Spread your assets across several sectors and investment types and you are less likely to come unstuck than someone who puts everything they have on a punt on a specific sector of the market.
He has a table of asset allocation targets:
Unfortunately, I don’t think these allocations are very good:
- stocks range from 40% up to only 68%
- cash plus bonds range from 12% to a high 60%
- there’s generally too much property
- and there are too few asset classes
Look at the slides on this page for a better (albeit more complicated) approach.
In a second table, Andy splits EM stocks from developed world stocks, but that still only takes us to seven assets.
- A third table looks at correlations between asset classes but uses only three years of data.
You can read more about Lazy Portfolios (simple portfolios) here.

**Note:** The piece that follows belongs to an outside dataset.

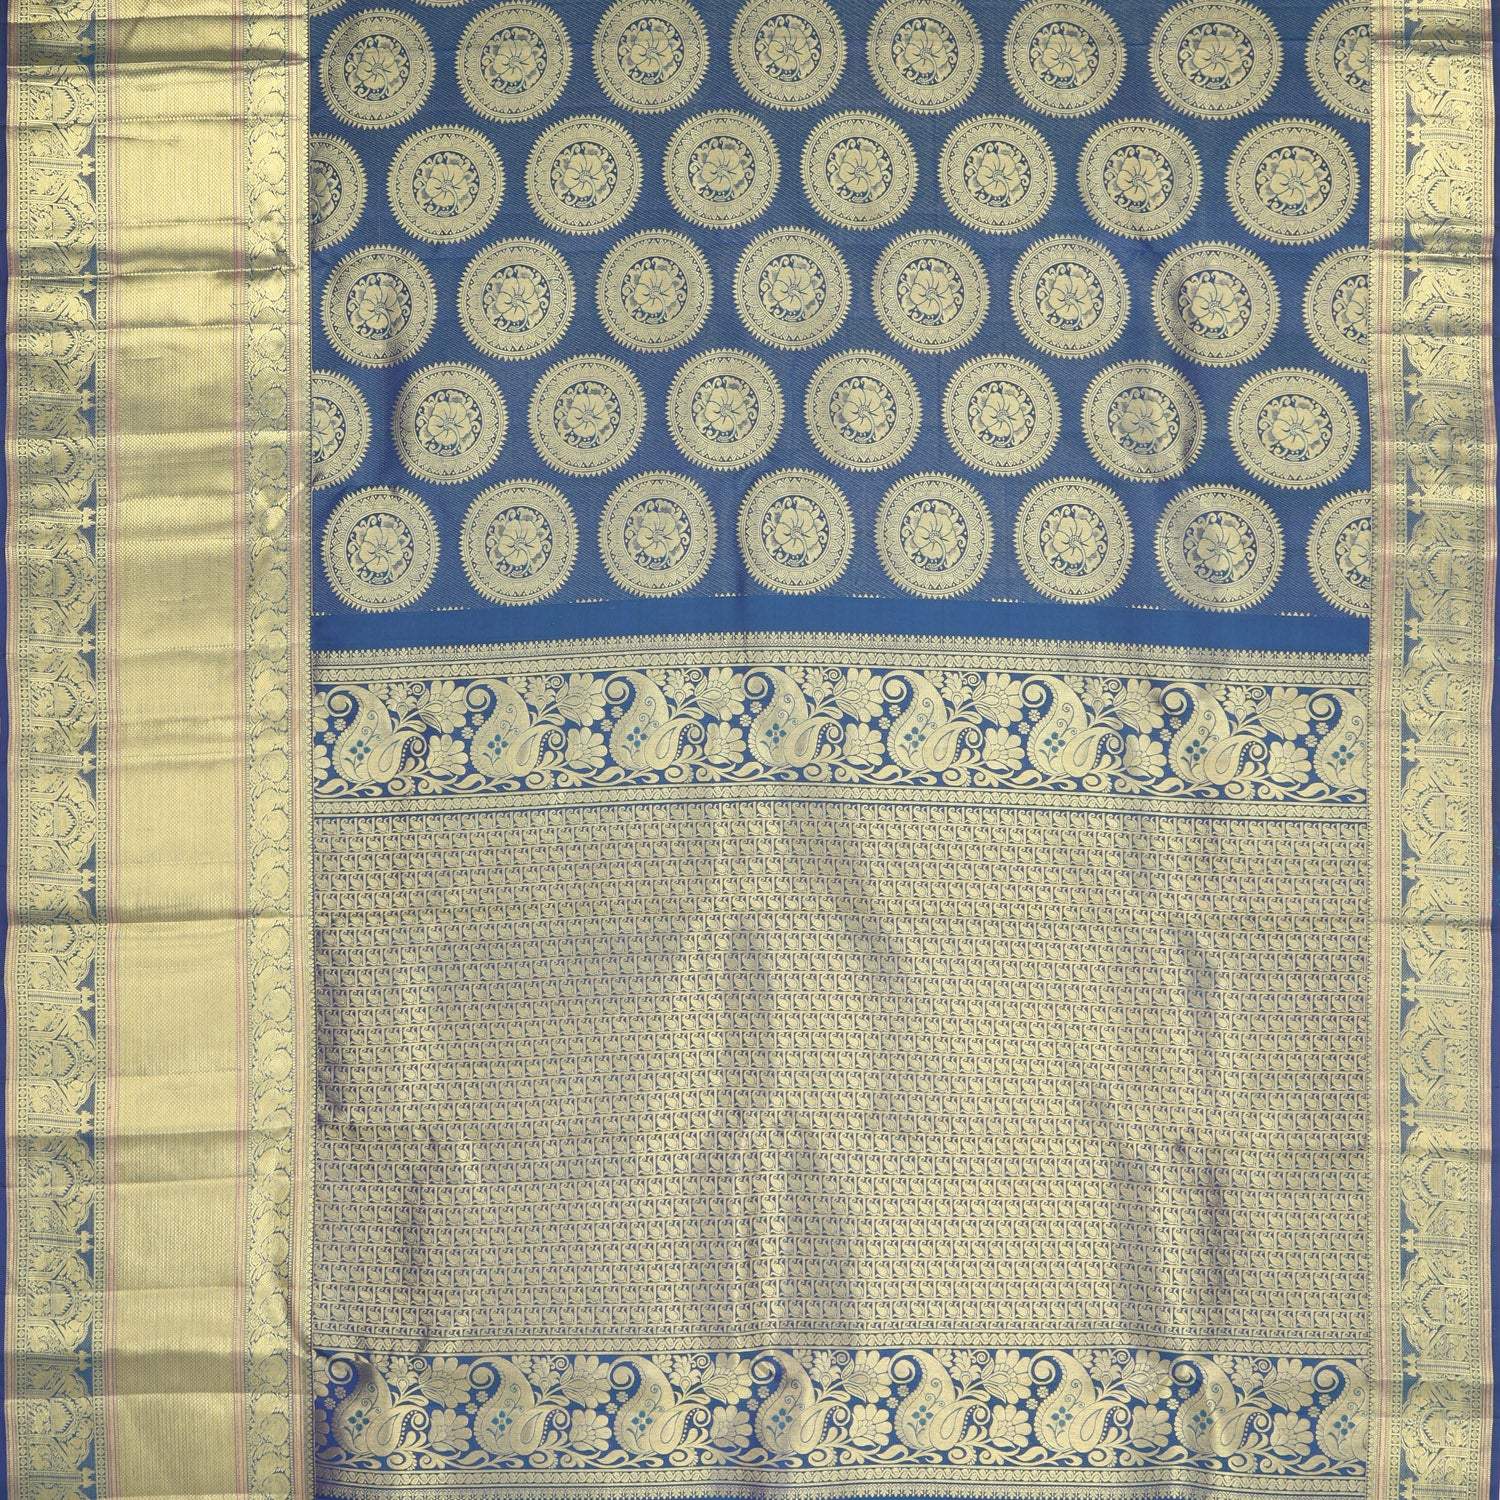 Sapphire Blue Kanjivaram Silk Saree With Floral Chakra Motifs - Singhania's

In chapter 18, Andy briefly looks at a variety of approaches to investing:
- the fund investor
- the frequent trader
- the day trader
- the long-term buy and hold investor
- the passive investor
- the Choosing a platform
We need to tread carefully with chapter 19 since Andy runs one of the largest platforms in the country.
A few of the things to look for are:
- product range (ISAs and SIPPs, at least, but also the rand of funds traded)
- model portfolios and recommended funds lists
- linked accounts
- service levels
- prices (charges)
That’s it – we’ve finished the book.
- The last quarter was fairly superficial and somewhat disappointing.
I’ll be back in a few weeks with a summary of the four articles to date.